Stored entries:
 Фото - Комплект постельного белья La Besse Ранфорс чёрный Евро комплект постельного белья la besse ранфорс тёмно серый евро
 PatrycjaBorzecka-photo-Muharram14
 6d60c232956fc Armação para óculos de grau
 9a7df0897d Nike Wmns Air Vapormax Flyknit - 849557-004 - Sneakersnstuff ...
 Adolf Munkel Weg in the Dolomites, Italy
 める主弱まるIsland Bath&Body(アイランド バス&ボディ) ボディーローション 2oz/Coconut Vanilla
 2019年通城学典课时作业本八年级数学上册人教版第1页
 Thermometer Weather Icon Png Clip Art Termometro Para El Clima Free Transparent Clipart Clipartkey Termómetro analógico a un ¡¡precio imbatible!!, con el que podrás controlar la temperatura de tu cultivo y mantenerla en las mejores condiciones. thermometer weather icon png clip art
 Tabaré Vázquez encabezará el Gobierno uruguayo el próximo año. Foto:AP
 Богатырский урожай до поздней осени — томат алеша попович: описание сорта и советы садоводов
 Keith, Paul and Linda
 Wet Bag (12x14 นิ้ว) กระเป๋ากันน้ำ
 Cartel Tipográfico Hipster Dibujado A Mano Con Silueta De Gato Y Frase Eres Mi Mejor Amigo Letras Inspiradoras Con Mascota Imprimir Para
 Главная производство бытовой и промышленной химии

▸ **PROBLEM REQUIREMENTS**
Give the data again exactly, line for line.

▸ **SOLUTION**
 Фото - Комплект постельного белья La Besse Ранфорс чёрный Евро комплект постельного белья la besse ранфорс тёмно серый евро
 PatrycjaBorzecka-photo-Muharram14
 6d60c232956fc Armação para óculos de grau
 9a7df0897d Nike Wmns Air Vapormax Flyknit - 849557-004 - Sneakersnstuff ...
 Adolf Munkel Weg in the Dolomites, Italy
 める主弱まるIsland Bath&Body(アイランド バス&ボディ) ボディーローション 2oz/Coconut Vanilla
 2019年通城学典课时作业本八年级数学上册人教版第1页
 Thermometer Weather Icon Png Clip Art Termometro Para El Clima Free Transparent Clipart Clipartkey Termómetro analógico a un ¡¡precio imbatible!!, con el que podrás controlar la temperatura de tu cultivo y mantenerla en las mejores condiciones. thermometer weather icon png clip art
 Tabaré Vázquez encabezará el Gobierno uruguayo el próximo año. Foto:AP
 Богатырский урожай до поздней осени — томат алеша попович: описание сорта и советы садоводов
 Keith, Paul and Linda
 Wet Bag (12x14 นิ้ว) กระเป๋ากันน้ำ
 Cartel Tipográfico Hipster Dibujado A Mano Con Silueta De Gato Y Frase Eres Mi Mejor Amigo Letras Inspiradoras Con Mascota Imprimir Para
 Главная производство бытовой и промышленной химии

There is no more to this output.